Stored data:
···
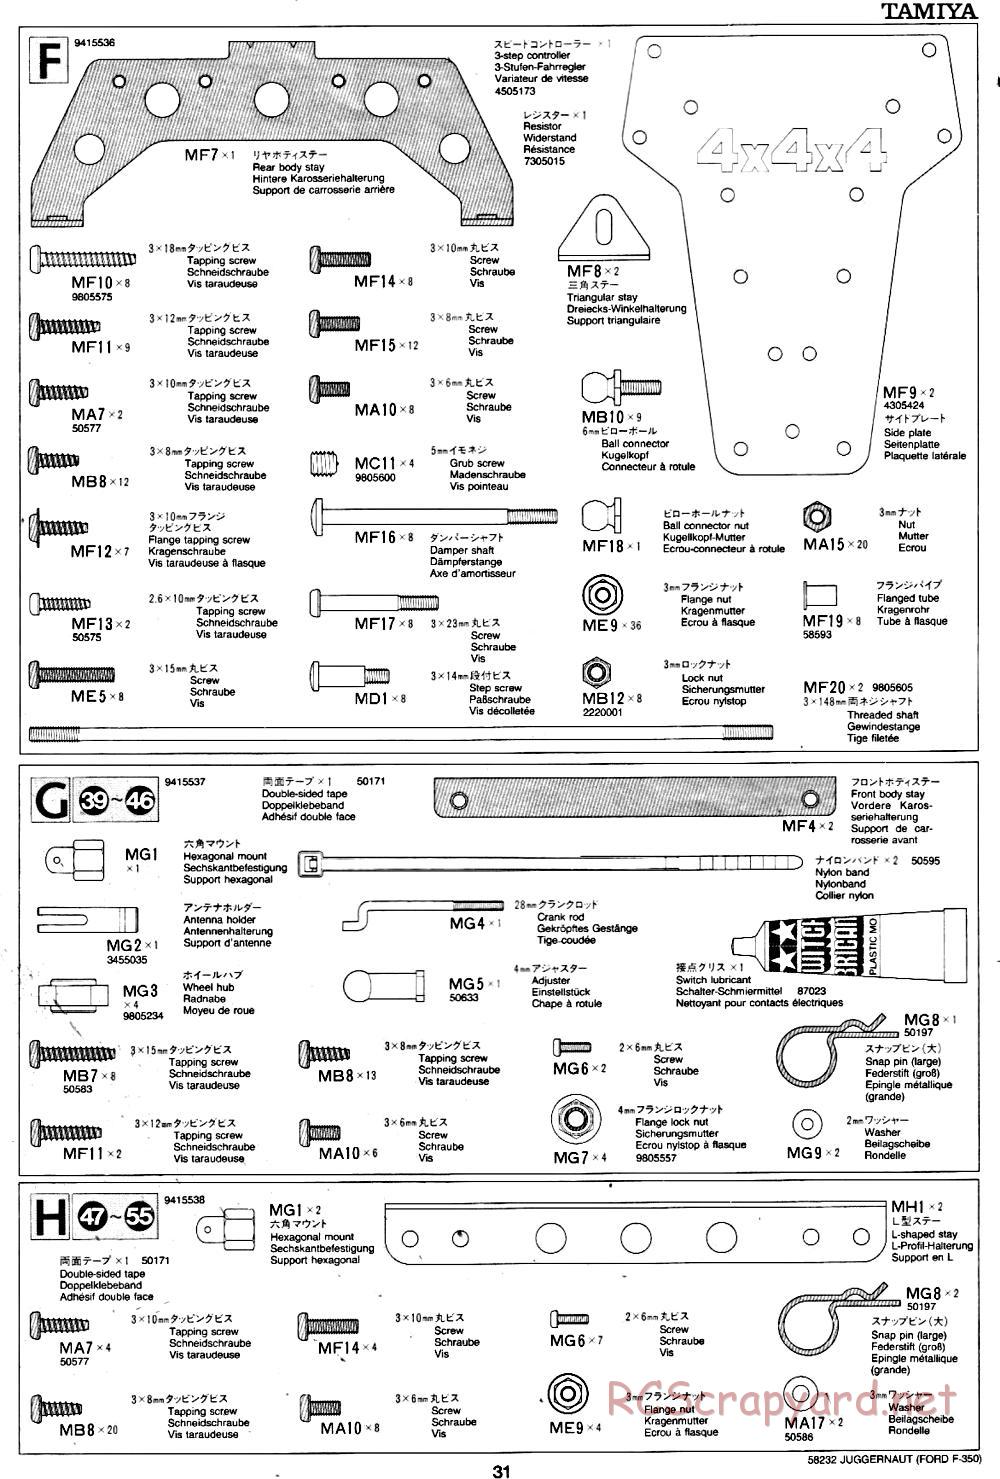 Tamiya - Juggernaut Chassis - Manual - Page 31
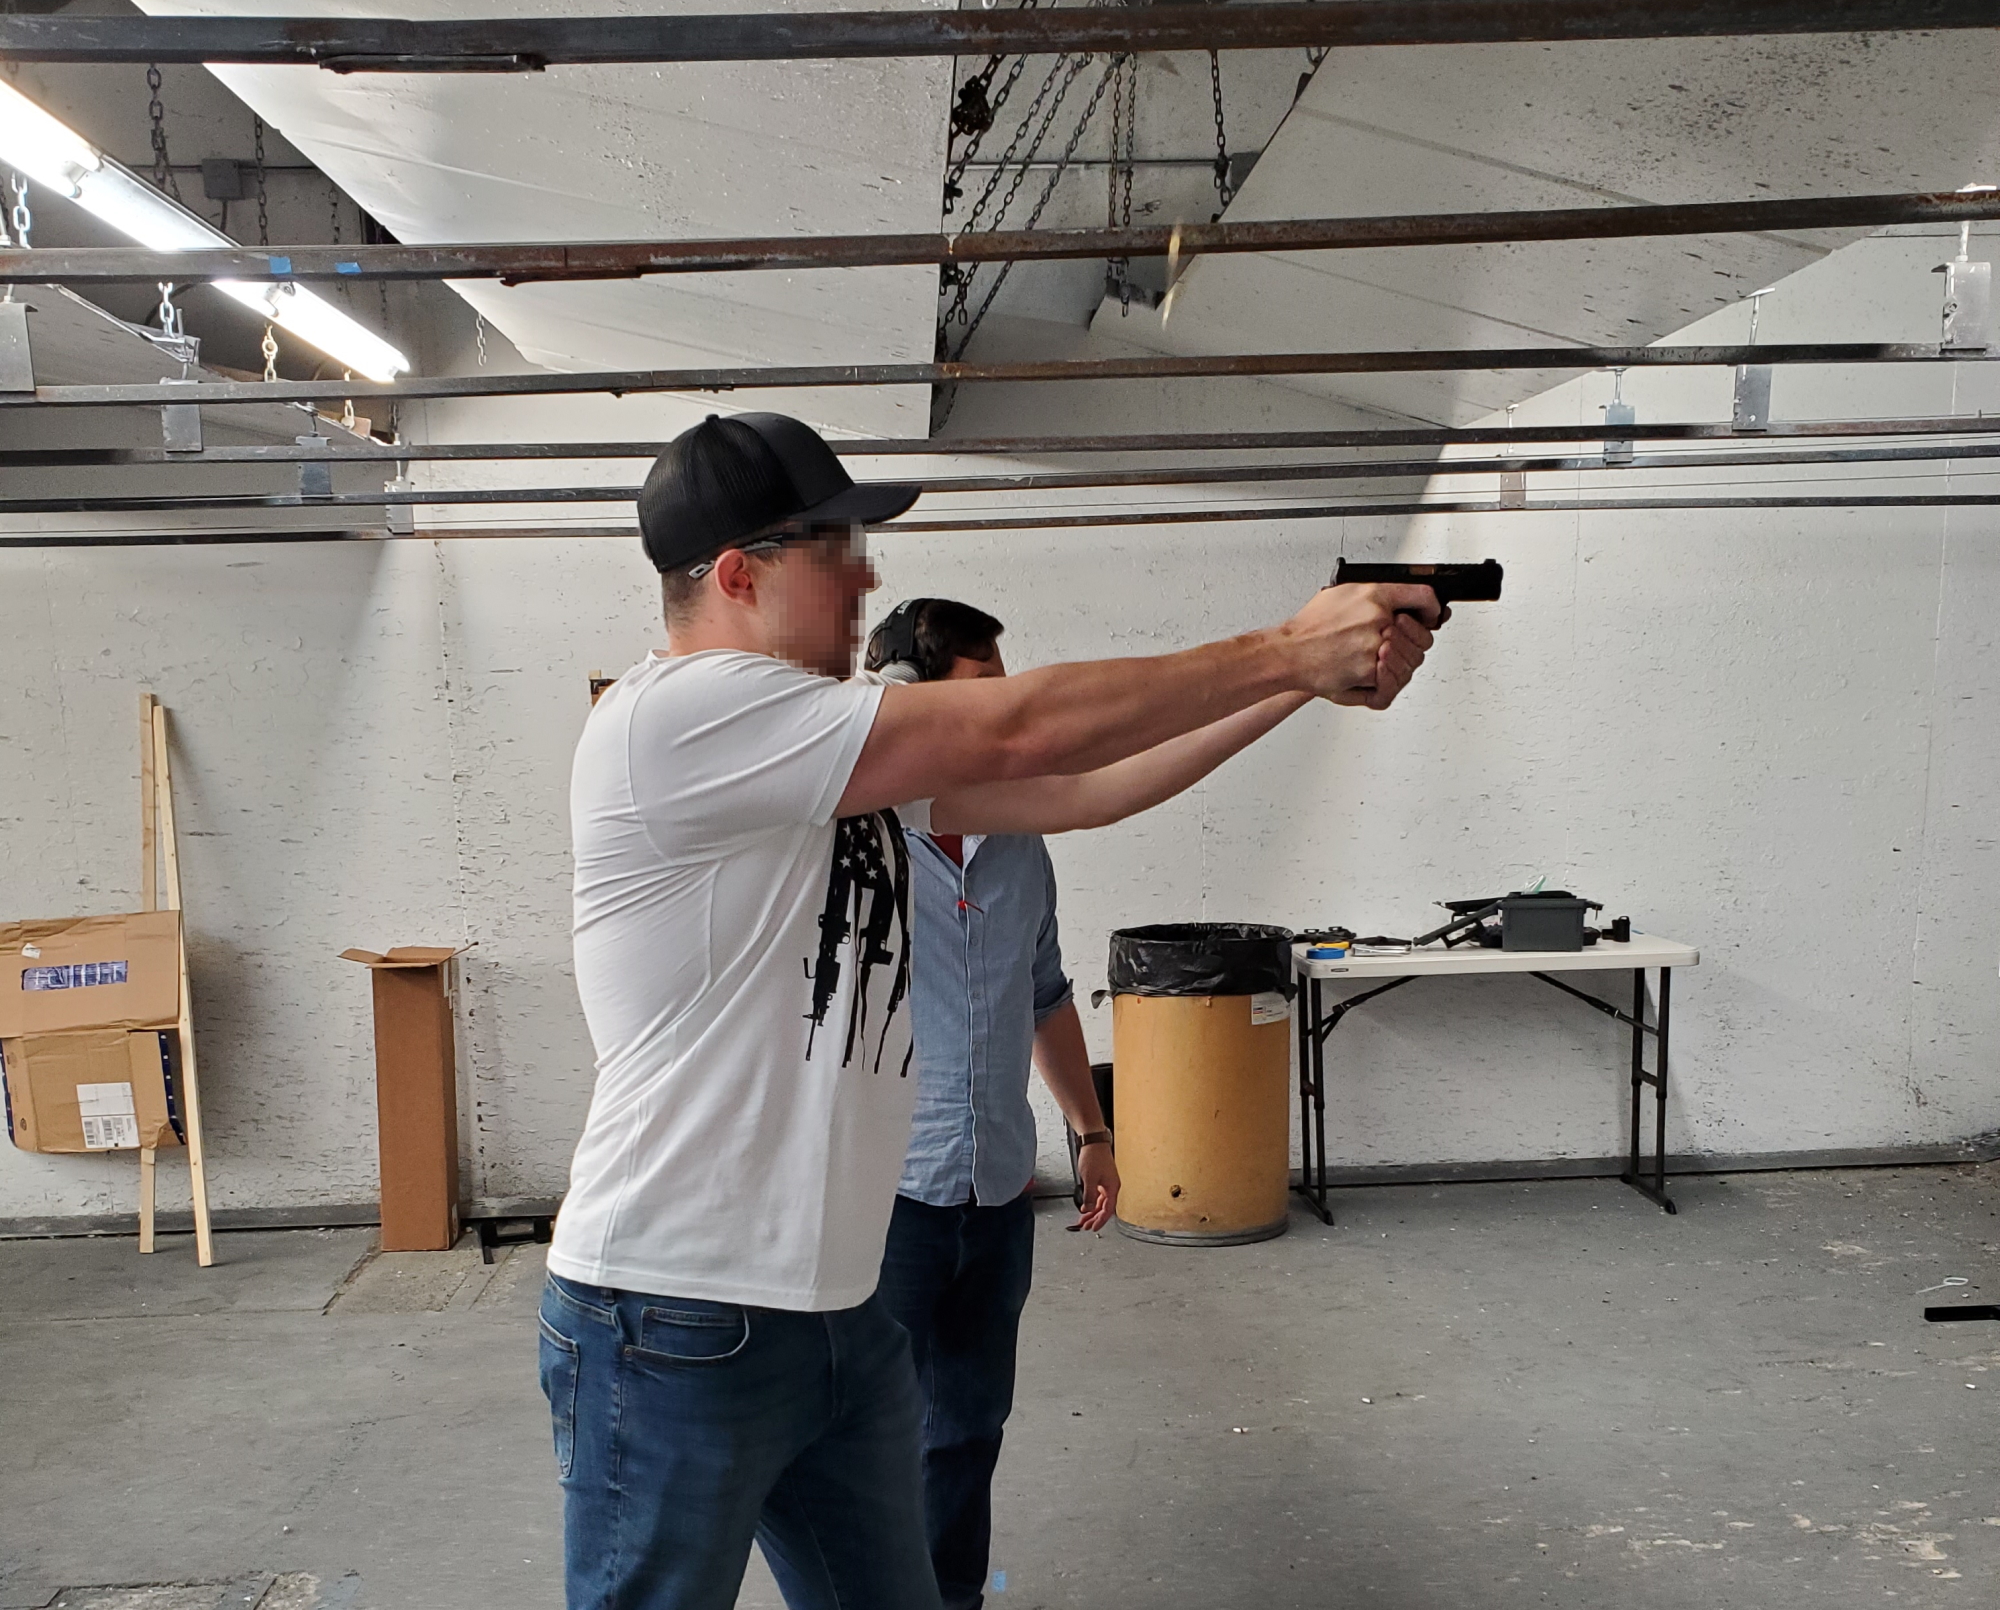 man firing a pistol in training
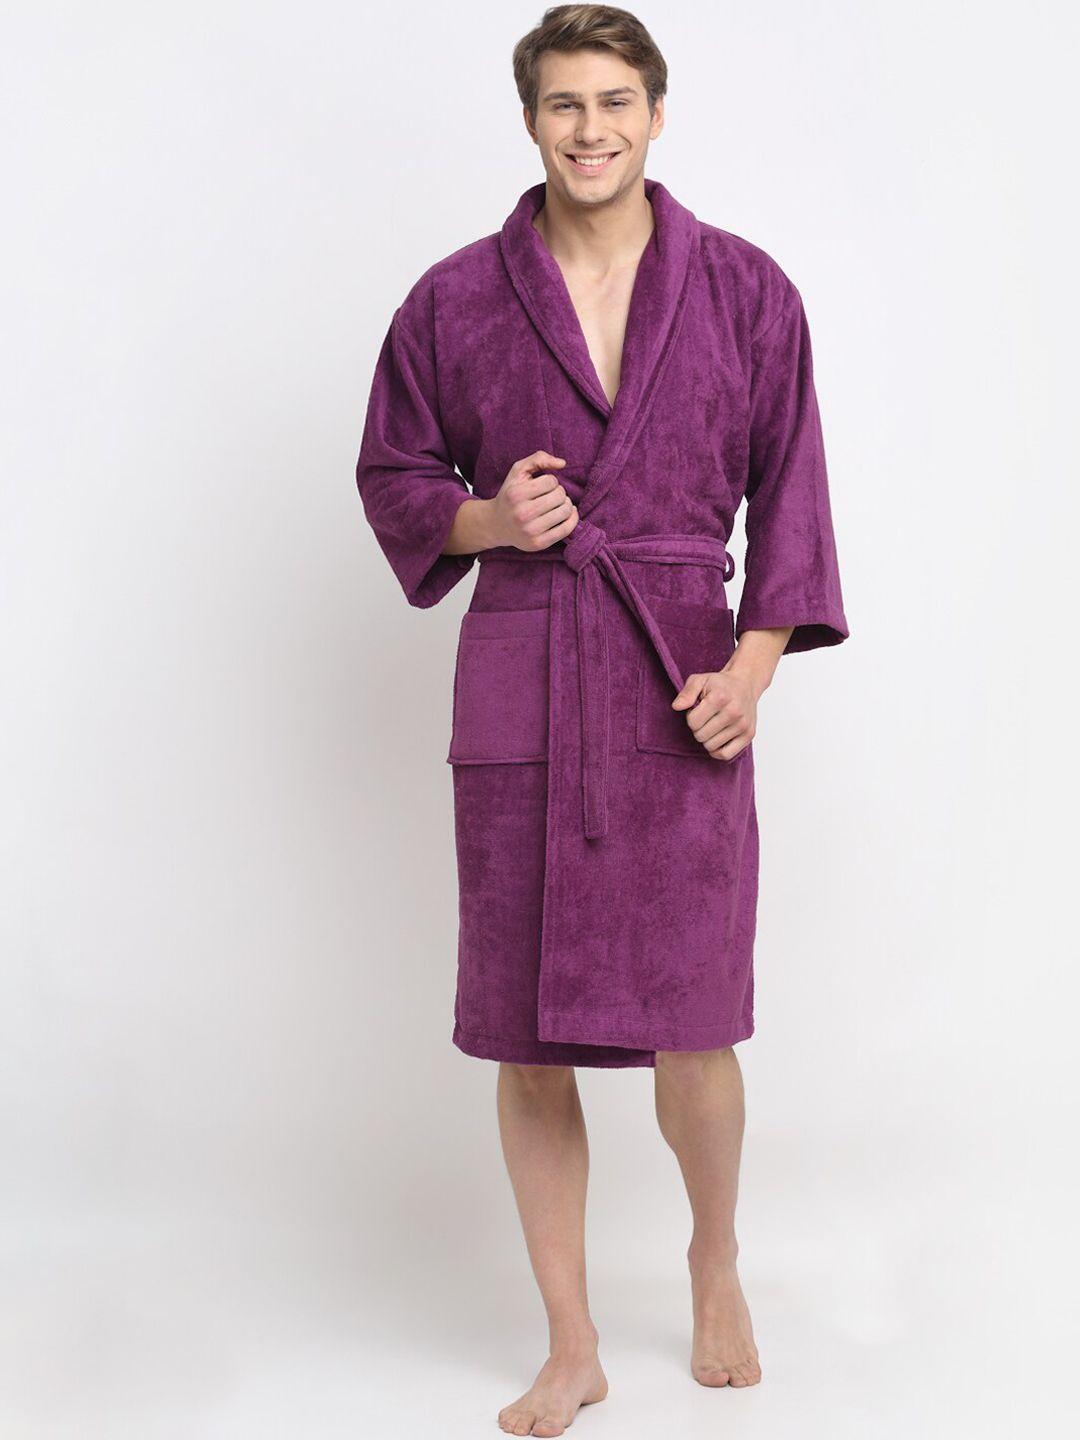 creeva unisex purple solid terry cotton bath robe with pockets
···
The preceding listing is to be restated word for word, with every picture omitted.

Exercise response:
 Tamiya - Juggernaut Chassis - Manual - Page 31
 man firing a pistol in training
 creeva unisex purple solid terry cotton bath robe with pockets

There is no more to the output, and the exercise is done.